Featured image of post Shallow Copy vs Deep Copy: A Memory-Level Explanation

Shallow Copy vs Deep Copy: A Memory-Level Explanation

Understanding how data is copied in programming is fundamental to writing robust and predictable software. The distinction between shallow copy and deep copy is often a source of confusion, yet it is critical for managing memory, preventing unintended side effects, and ensuring data integrity. This article delves into the intricacies of these copying mechanisms, exploring their conceptual differences, language-specific implementations, and the underlying memory dynamics that govern their behavior.

Introduction to Copying Mechanisms

When an object is copied, the operation essentially creates a new entity that, to varying degrees, resembles the original. The nature of this resemblance — whether it’s a mere replication of references or a complete duplication of all nested data — defines the type of copy performed. This distinction becomes particularly significant when dealing with complex data structures that contain other objects or collections.

Conceptual Differences: Shallow vs. Deep

Shallow Copy

A shallow copy creates a new object, but instead of duplicating nested objects, it copies their references. This means that the new object will have its own distinct memory address, but any mutable objects nested within it will still point to the same memory locations as those in the original object. Consequently, modifications to nested mutable objects in either the original or the copied structure will be reflected in both.

Deep Copy

A deep copy, in contrast, creates a new object and recursively duplicates all nested objects. This results in a completely independent copy where no shared references exist between the original and the new object. Changes made to the deep copy, or its nested components, will not affect the original object, and vice-versa.

Memory Dynamics: Stack vs. Heap and References

To fully grasp shallow and deep copies, it is essential to understand how memory is managed. The stack is used for static memory allocation, primarily for primitive data types and function call frames. The heap is used for dynamic memory allocation, where objects and complex data structures reside. Variables often store references (memory addresses) to objects on the heap.

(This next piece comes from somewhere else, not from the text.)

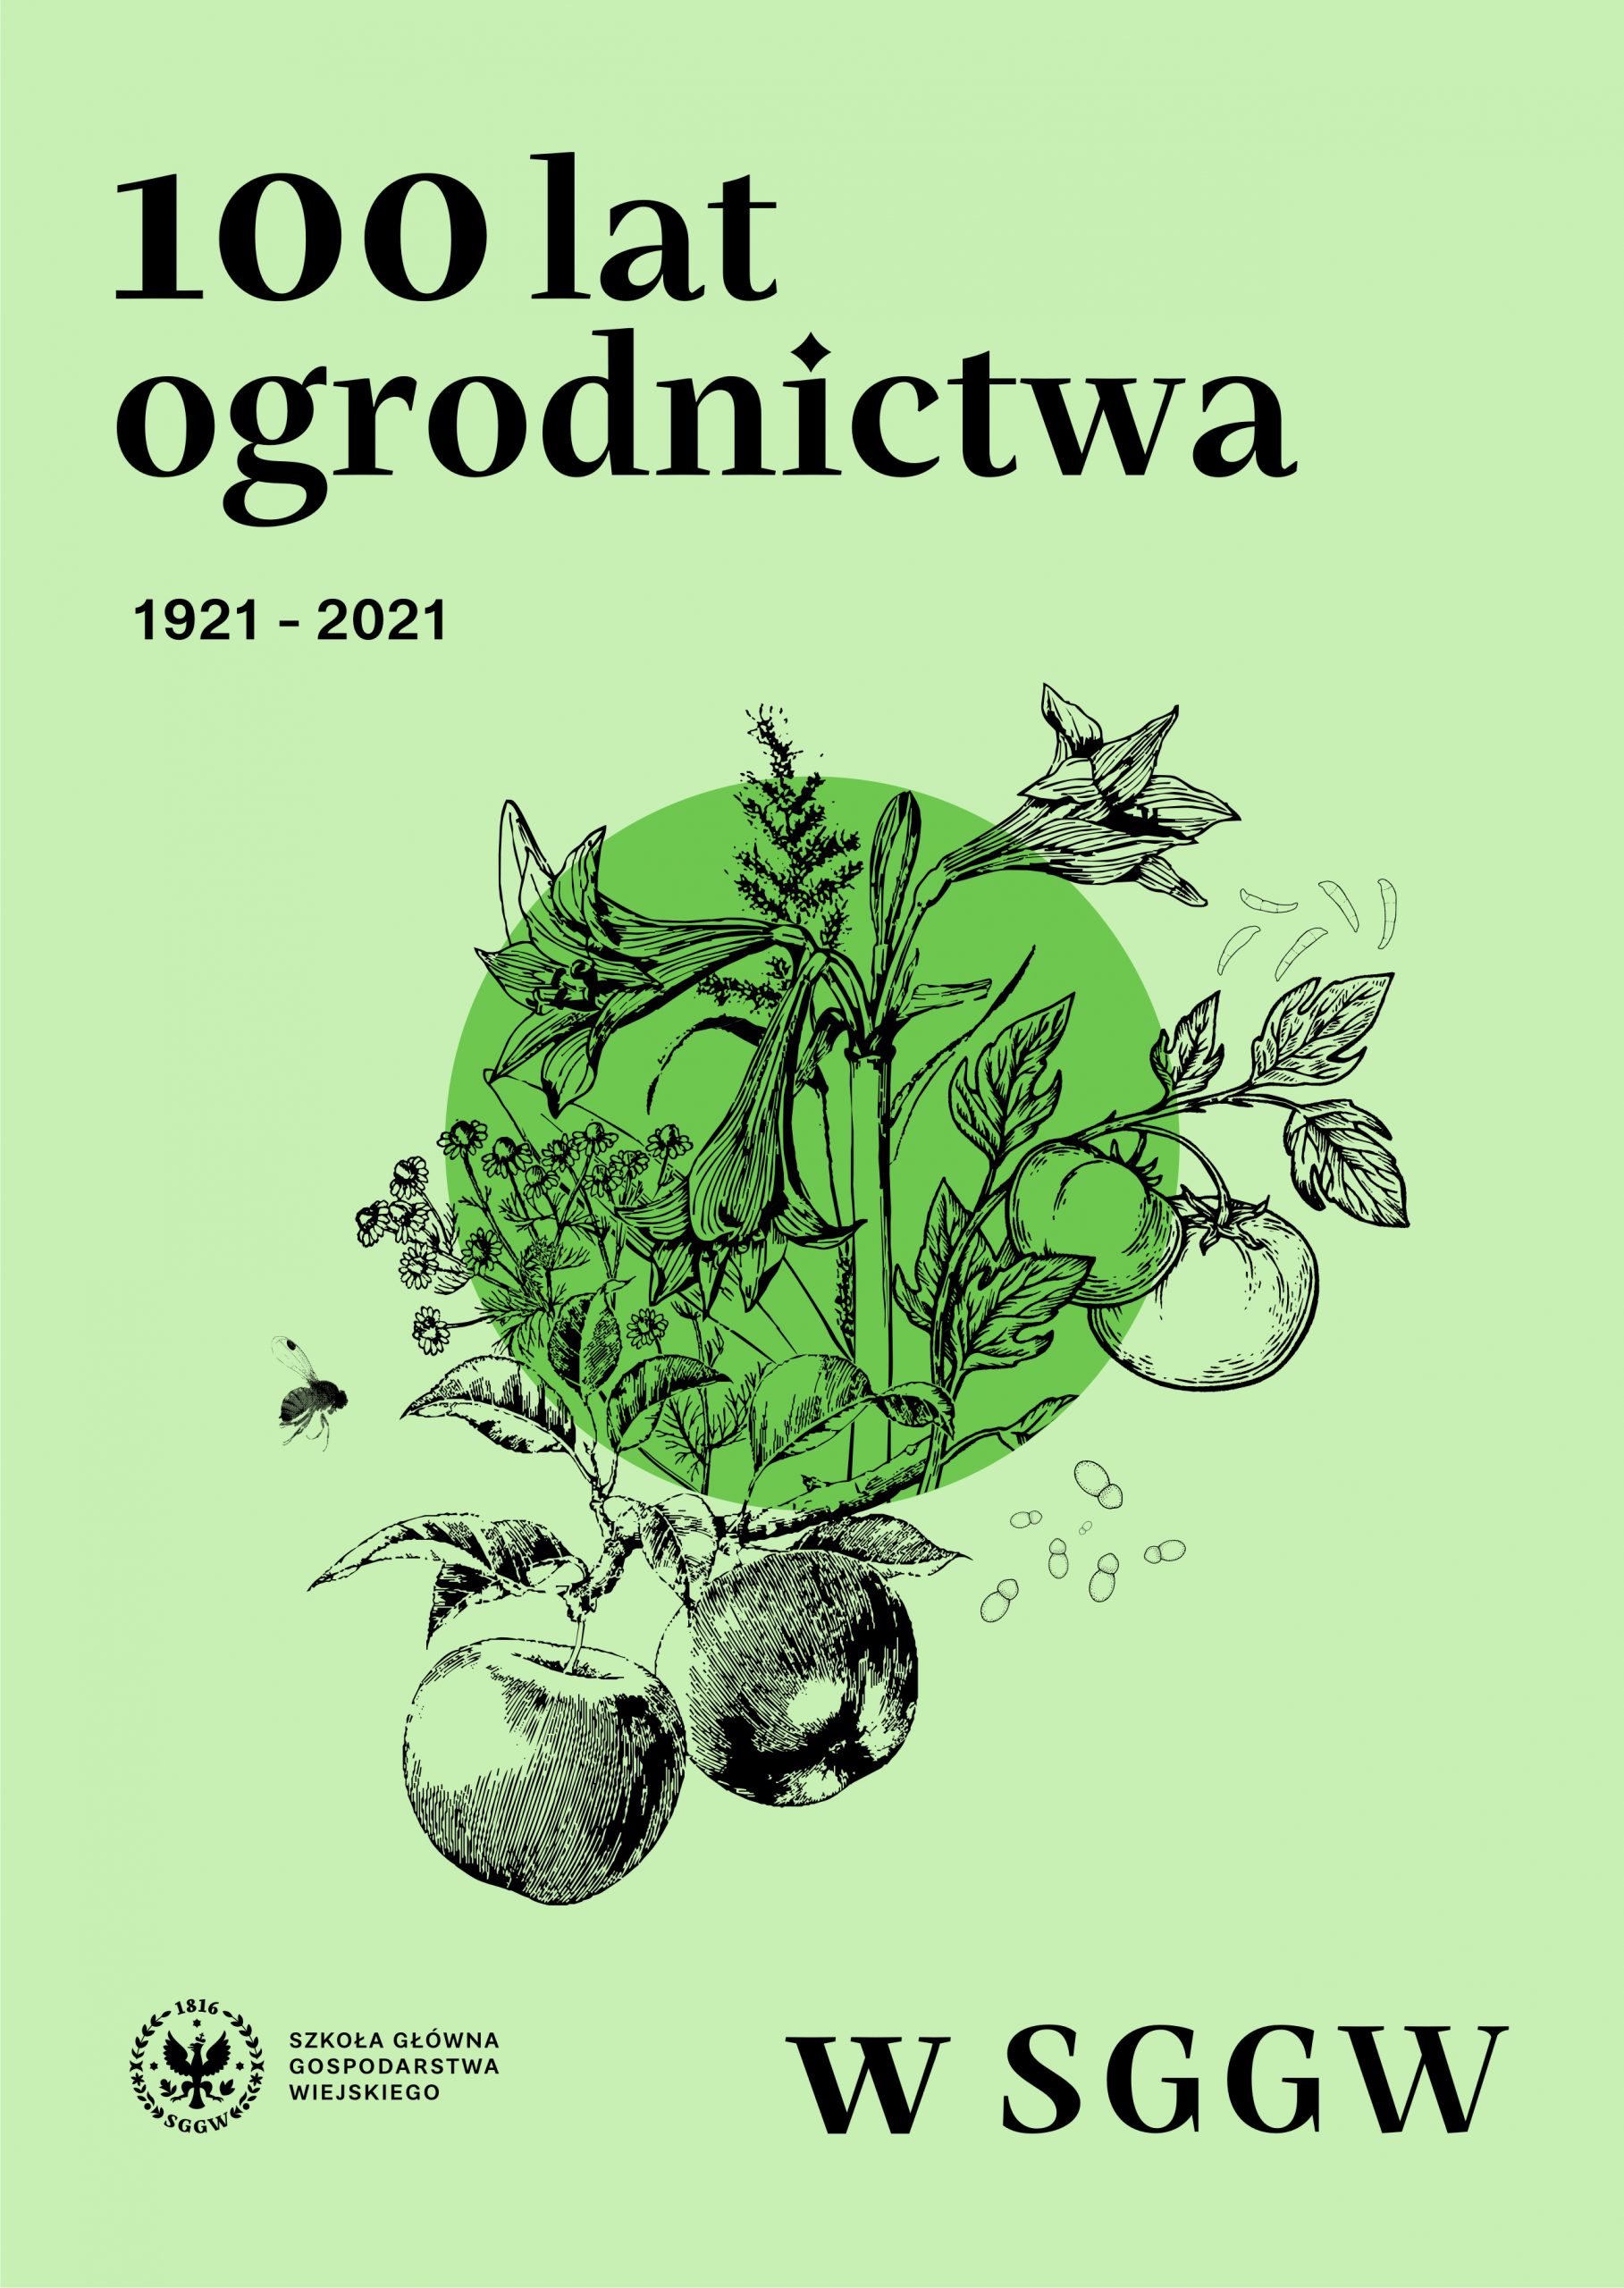 100 lat Ogrodnictwa w SGGW

Pointer/Reference Semantics

In many languages, variables do not directly hold complex objects but rather references or pointers to their locations in memory. When a shallow copy occurs, it is these references that are duplicated, not the objects they point to. A deep copy, however, dereferences these pointers and creates new objects at new memory locations for each nested component.

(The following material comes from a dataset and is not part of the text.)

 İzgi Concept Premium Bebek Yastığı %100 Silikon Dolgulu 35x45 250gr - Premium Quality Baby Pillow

Mutability vs. Immutability

Mutability refers to the ability of an object to be changed after it has been created. Objects like lists, dictionaries, and custom class instances are typically mutable. Immutability means an object cannot be altered after creation (e.g., strings, numbers, tuples in Python). The implications of shallow and deep copies are most pronounced with mutable nested objects, as changes to shared mutable components can lead to unexpected behavior.

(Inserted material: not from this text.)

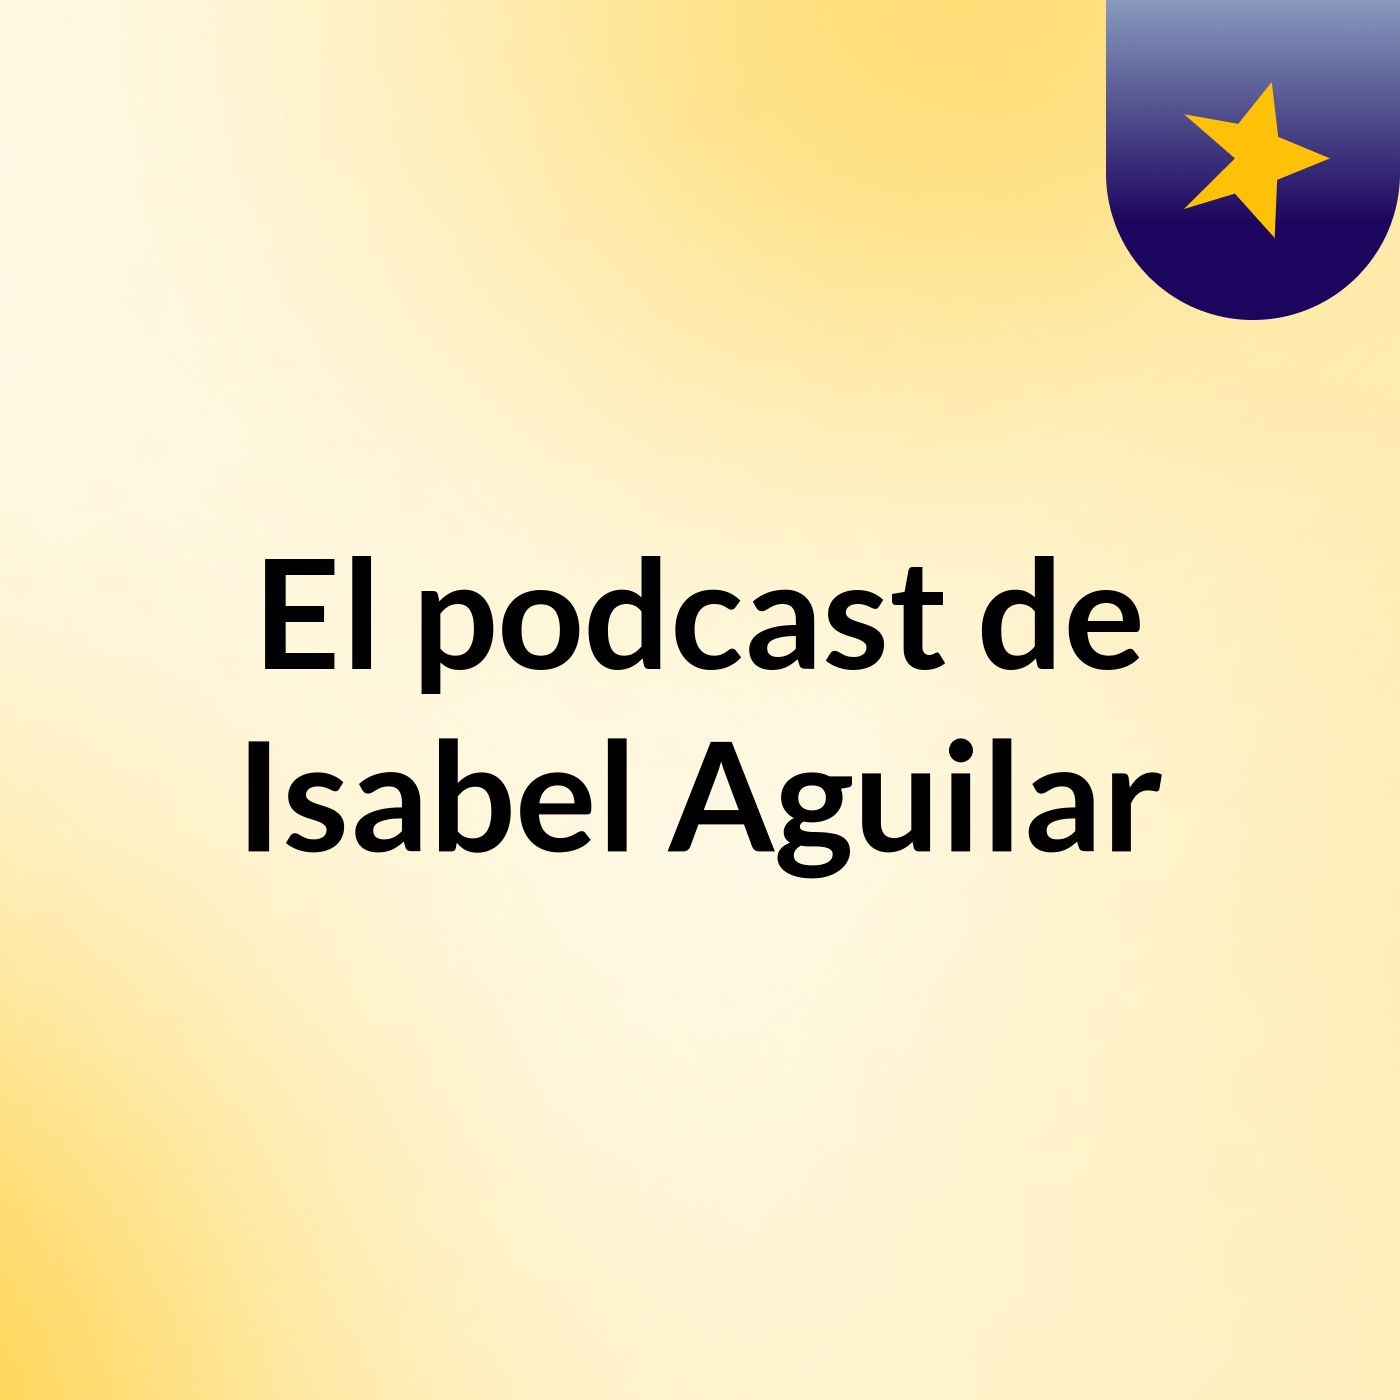 Episodio 4 - El podcast de Isabel Aguilar

Visualizing Memory: ASCII Diagrams

Consider an object A containing a mutable nested object B.

Original Object

Stack:         Heap:
+---+          +-------------------+
| A | -------> | Object A          |
+---+          |   +-------------+ |
               |   | ref to B    | ---> +-------------------+
               |   +-------------+ |    | Object B          |
               +-------------------+    |   Value: 10       |
                                        +-------------------+

Shallow Copy

When A_shallow = shallow_copy(A):

Stack:         Heap:
+---+          +-------------------+
| A | -------> | Object A          |
+---+          |   +-------------+ |
               |   | ref to B    | ---> +-------------------+
               |   +-------------+ |    | Object B          |
+-----------+  +-------------------+    |   Value: 10       |
| A_shallow | --+-------------------+    +-------------------+
+-----------+   | Object A_shallow  |
                |   +-------------+ |
                |   | ref to B    | --^
                |   +-------------+ |
                +-------------------+

Notice that Object B is shared. Modifying Object B through A or A_shallow will affect both.

Deep Copy

When A_deep = deep_copy(A):

Stack:         Heap:
+---+          +-------------------+
| A | -------> | Object A          |
+---+          |   +-------------+ |
               |   | ref to B    | ---> +-------------------+
               |   +-------------+ |    | Object B          |
               +-------------------+    |   Value: 10       |
                                        +-------------------+

+---------+    +-------------------+
| A_deep  | -->| Object A_deep     |
+---------+    |   +-------------+ |
               |   | ref to B_new| ---> +-------------------+
               |   +-------------+ |    | Object B_new      |
               +-------------------+    |   Value: 10       |
                                        +-------------------+

Here, Object B and Object B_new are entirely separate entities.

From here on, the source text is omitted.